Efficient and accurate data dependence profiling using software signatures

  • Authors:
  • Rajeshwar Vanka;James Tuck

  • Affiliations:
  • North Carolina State University, Raleigh, NC;North Carolina State University, Raleigh, NC

  • Venue:
  • Proceedings of the Tenth International Symposium on Code Generation and Optimization
  • Year:
  • 2012

Quantified Score

Hi-index 0.00

Visualization

Abstract

Speculative optimizations relax conservative constraints, like ambiguous memory-carried dependences that will rarely occur at runtime, to allow compilers to generate higher performing code. Data dependence profiling enables these techniques by providing runtime dependence information. However, prior data dependence profilers (DDPs) tend to be slow or have significant inaccuracy. Such techniques try to track all pairs of dependences that occur at runtime. To have high accuracy, it usually requires significant storage and performance overhead. Of course, accuracy can be sacrificed via sampling or fixed size storage to provide higher performance; but, these knobs are tough to control and often lead to a significant loss in accuracy. Hence, we search for a better trade-off between speed and accuracy, and we achieve this by considering a new approach based on efficient set operations using software signatures. Rather than tracking pair-wise dependences, we identify important dependence relationships at compile time, group said relationships into sets, and then construct and operate directly on the sets at runtime. By grouping many pair-wise relationships into a single set operation, we achieve greater accuracy with higher performance. Furthermore, we can adjust the size of signatures and the number of set operations through various optimization techniques to trade off speed and accuracy. Using a manual design space search, we evaluated many promising configurations.

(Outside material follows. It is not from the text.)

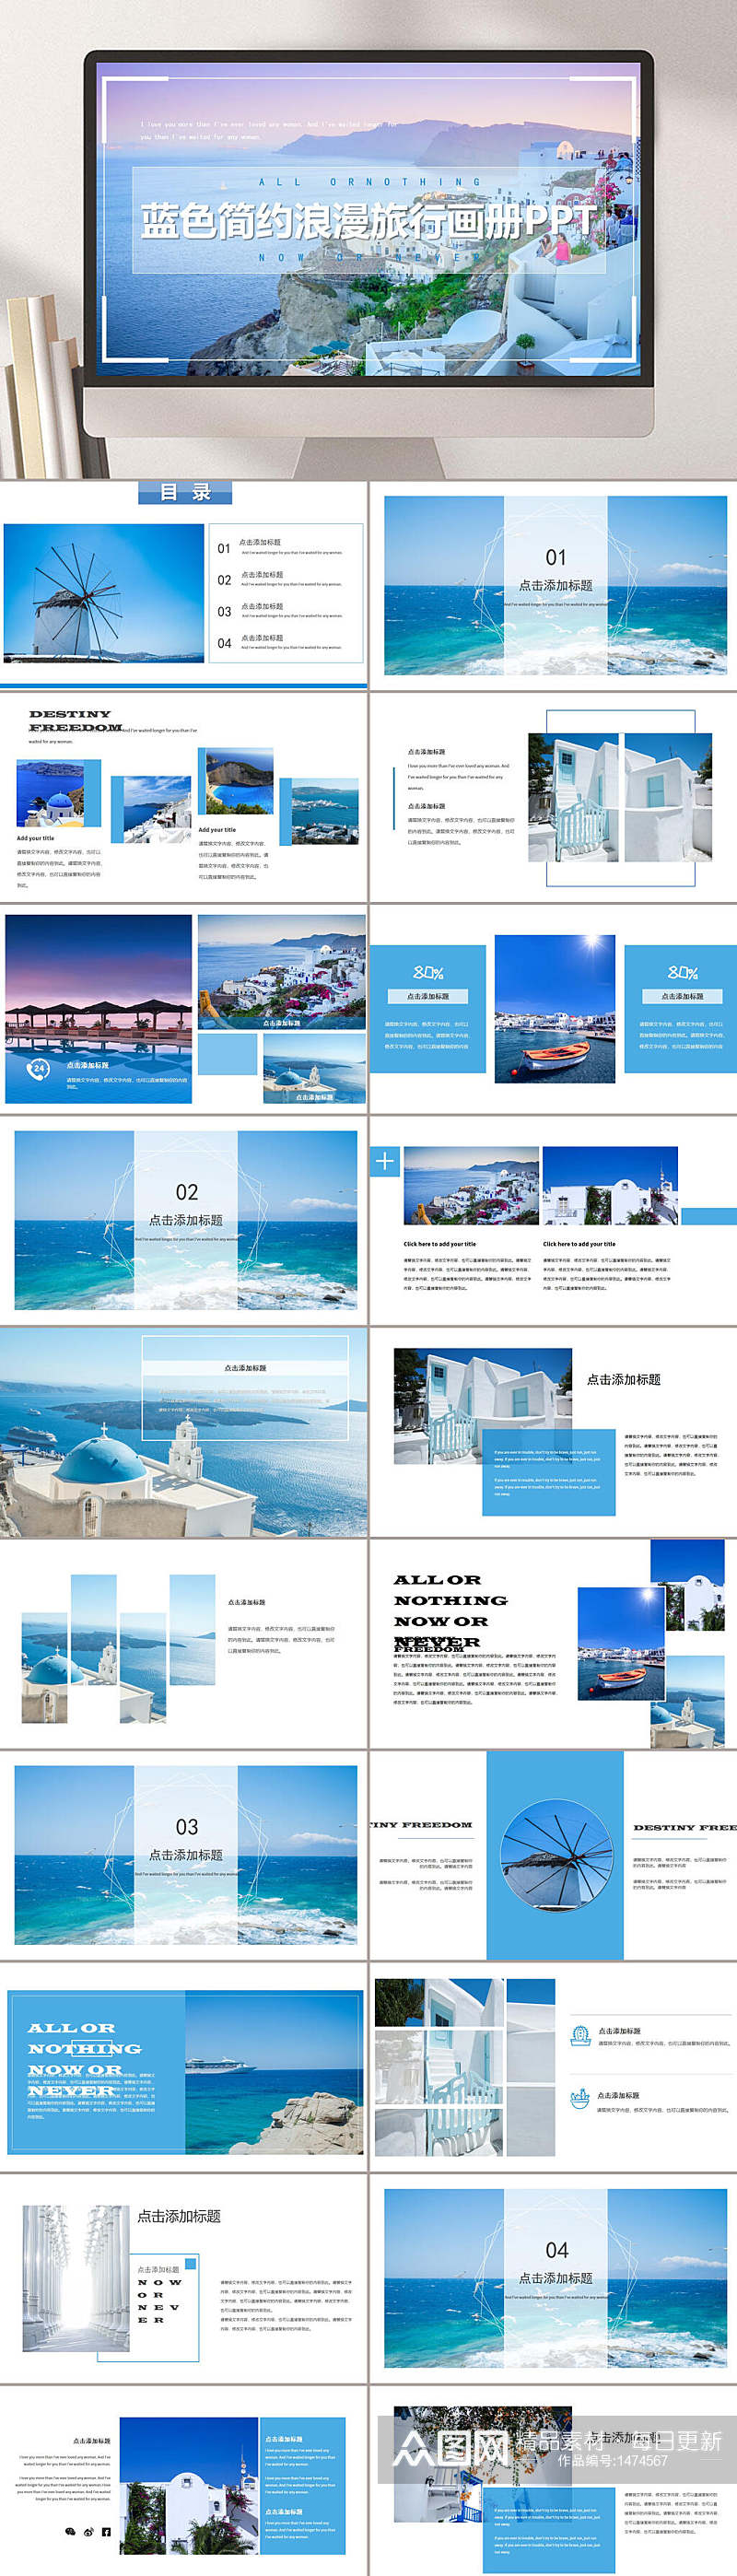 旅行画册风格模版蓝色简约企业PPT模板素材
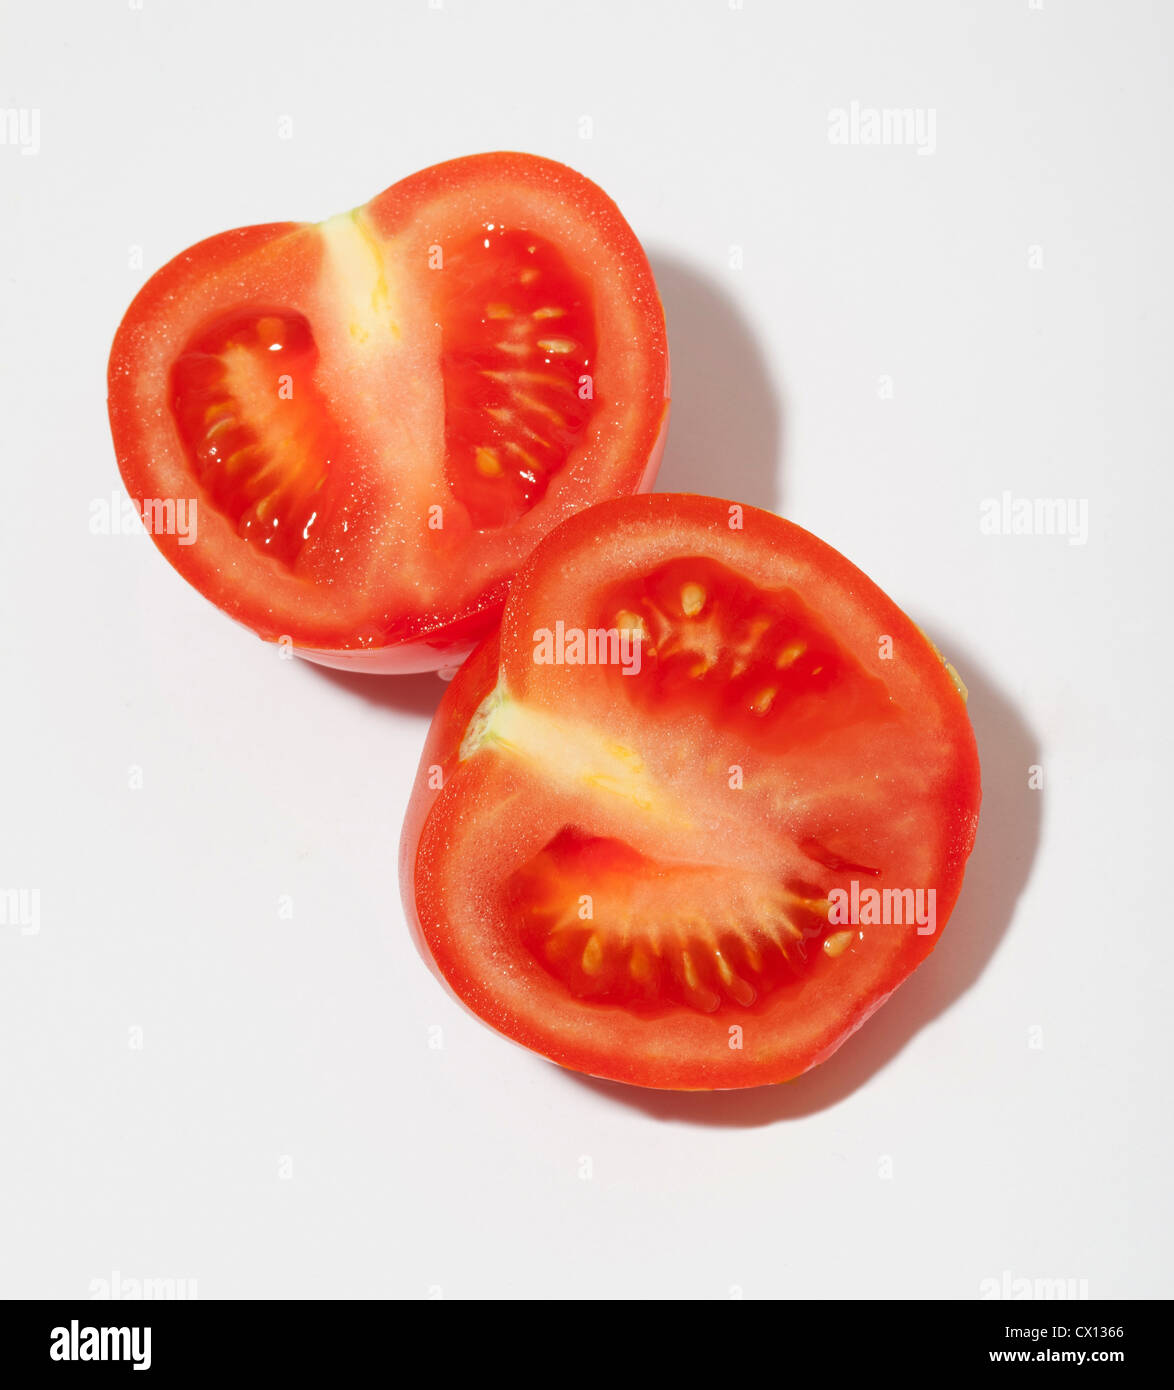 Two tomato halves Stock Photo

We found a fast profiler which matches the accuracy of prior works with a slowdown of 2.97x. Also, the most accurate and balanced profilers have slowdowns of 18x and 8x respectively, with an accuracy of 0.15 and 0.17 Normalized Average Euclidean Distance, respectively. To the best of our knowledge, the set-based profiler is the most accurate one to date, with equal or better performance than prior works.